An earlier post made the point that security problems can come from subdivisions of an organization pursuing incompatible goals. In the Cold War, for example, lack of coordination between the CIA and the State Department allowed the KGB to identify undercover agents.
The Guardian reports that the NSA is reorganizing to address this issue. Previously, its offensive and defensive functions were carried out by two “directorates”: the Signals Intelligence Directorate and the Information Assurance Directorate, respectively. Now, the two directorates will merge.
It seems to be a controversial decision:
Merging the two departments goes against the recommendation of some computer security experts, technology executives and the Obama administration’s surveillance reform commission, all of which have argued that those two missions are inherently contradictory and need to be further separated.
The NSA could decide not tell a tech company to patch a security flaw, they argue, if it knows it could be used to hack into a targeted machine. This could leave consumers at risk.
It’s doubtful that the NSA considers consumer protection part of its main objectives. This is how the Information Assurance Directorate describes its own purpose:
IAD delivers mission enhancing cyber security technologies, products, and services that enable customers and clients to secure their networks; trusted engineering solutions that provide customers with flexible, timely and risk sensitive security solutions; as well as, traditional IA engineering and fielded solutions support.
As explained here, “customer” is NSA jargon for “the White House, the State Department, the CIA, the US mission to the UN, the Defense Intelligence Agency and others.” It doesn’t refer to “customers” in the sense of citizens doing business with companies.
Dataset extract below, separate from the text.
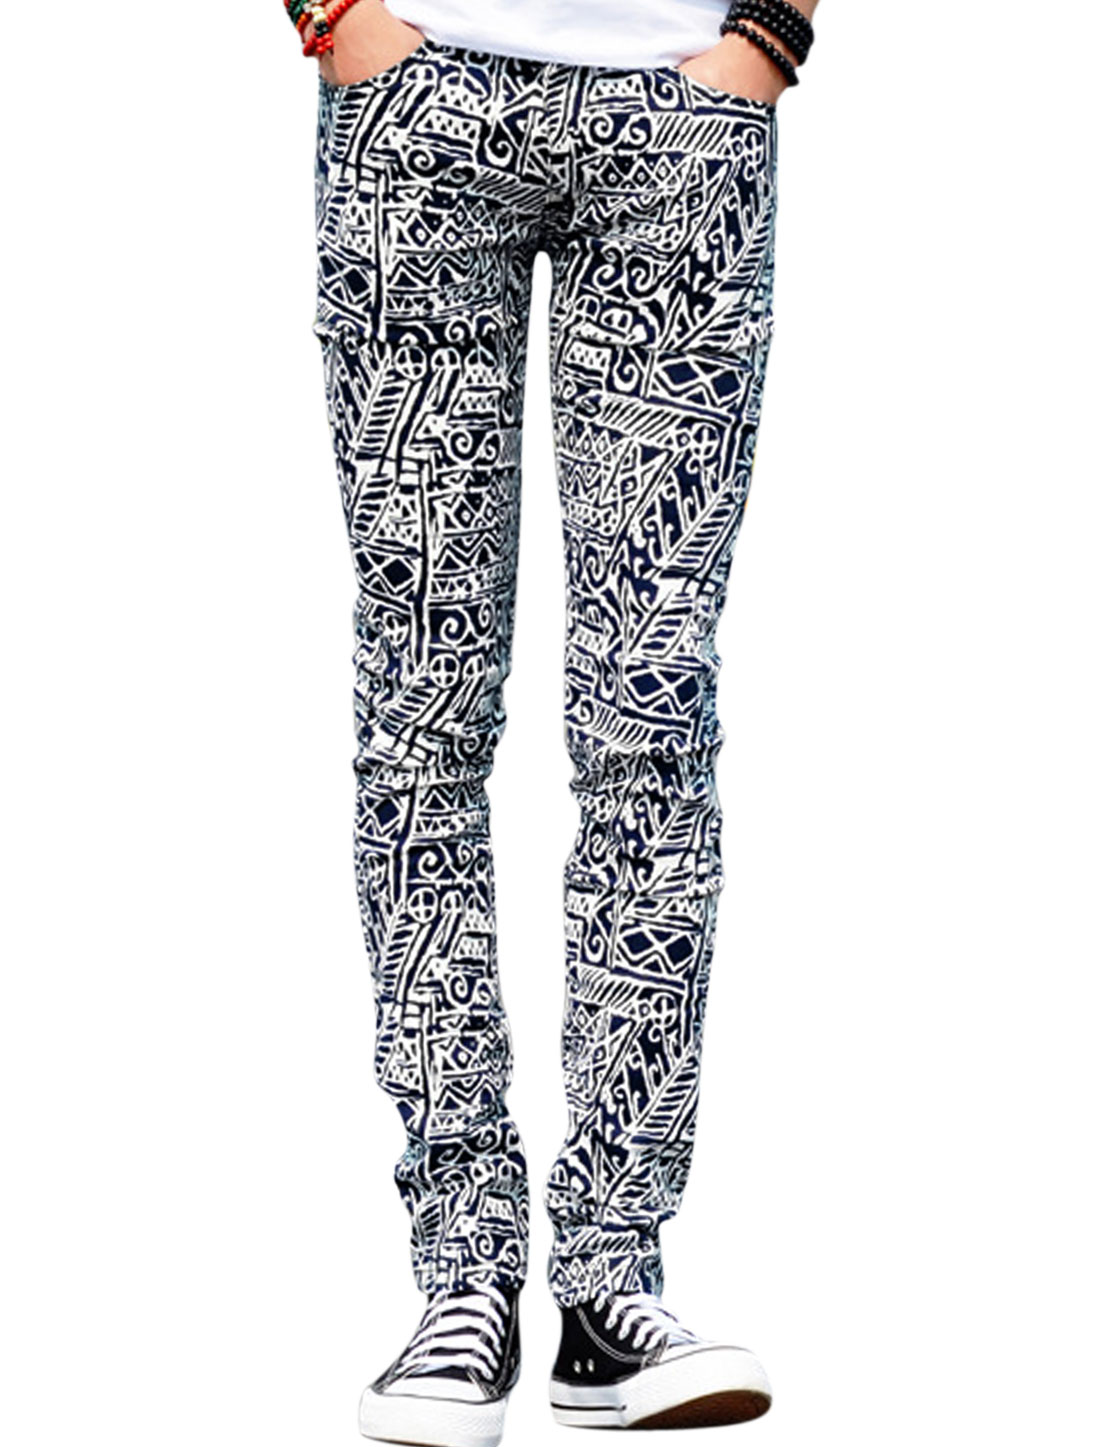 Men Novelty Prints Zip Fly Hip Pockets Back Casual Pants Blacks Whites W28

Simultaneously patching and exploiting the same vulnerabilities seems like an inefficient use of agency resources, unless it’s important to keep up appearances. After the Dual Elliptic Curve Deterministic Random Bit Generator and the Snowden revelations, the NSA is no longer credible as a source of assurance (except for its customers). Now, the agency can make a single decision about each vulnerability it finds: patch or exploit?
Other former officials said the restructuring at Fort Meade just formalizes what was already happening there. After all, NSA’s hackers and defenders work side by side in the agency’s Threat Operations Center in southern Maryland.
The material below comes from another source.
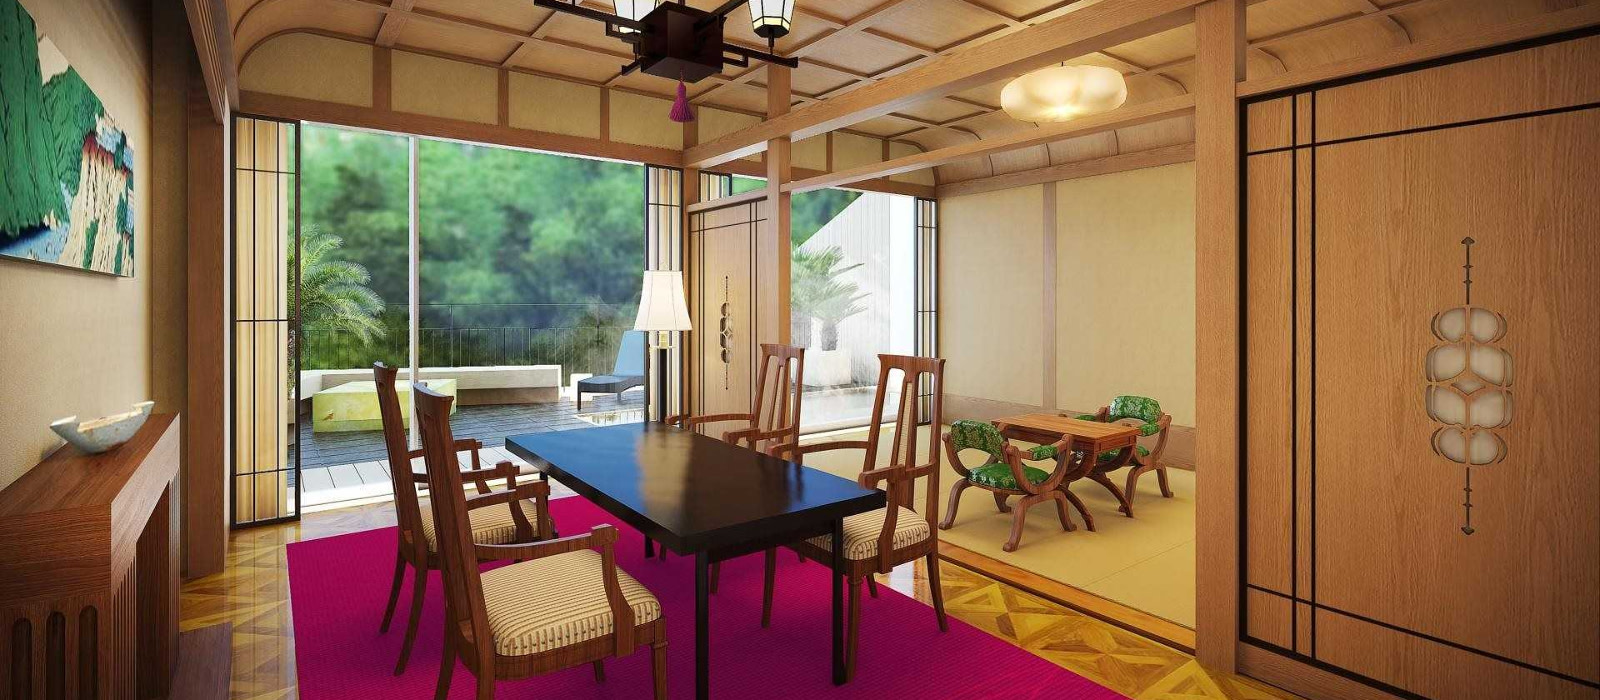 Hotel Hakone Kowakien Tenyu Ryokan Japan

“Sometimes you got to just own it,” said Dave Aitel, a former NSA researcher and now chief executive at the security company Immunity. “Actually, come to think of it, that’s a great new motto for them too.”
Even President Obama’s surveillance reform commission from 2013, which recommended that the Information Assurance Directorate should become its own agency, acknowledged the following (page 194 of PDF):
There are, of course, strong technical reasons for information-sharing between the offense and defense for cyber security. Individual experts learn by having experience both in penetrating systems and in seeking to block penetration. Such collaboration could and must occur even if IAD is organizationally separate.
As David Graeber puts it in The Utopia of Rules, “All bureaucracies are to a certain degree utopian, in the sense that they propose an abstract ideal that real human beings can never live up to.” If something needs to be done, with a lot of potential costs and benefits, it can’t help to use an organizational chart to hide the ways that work gets done in practice.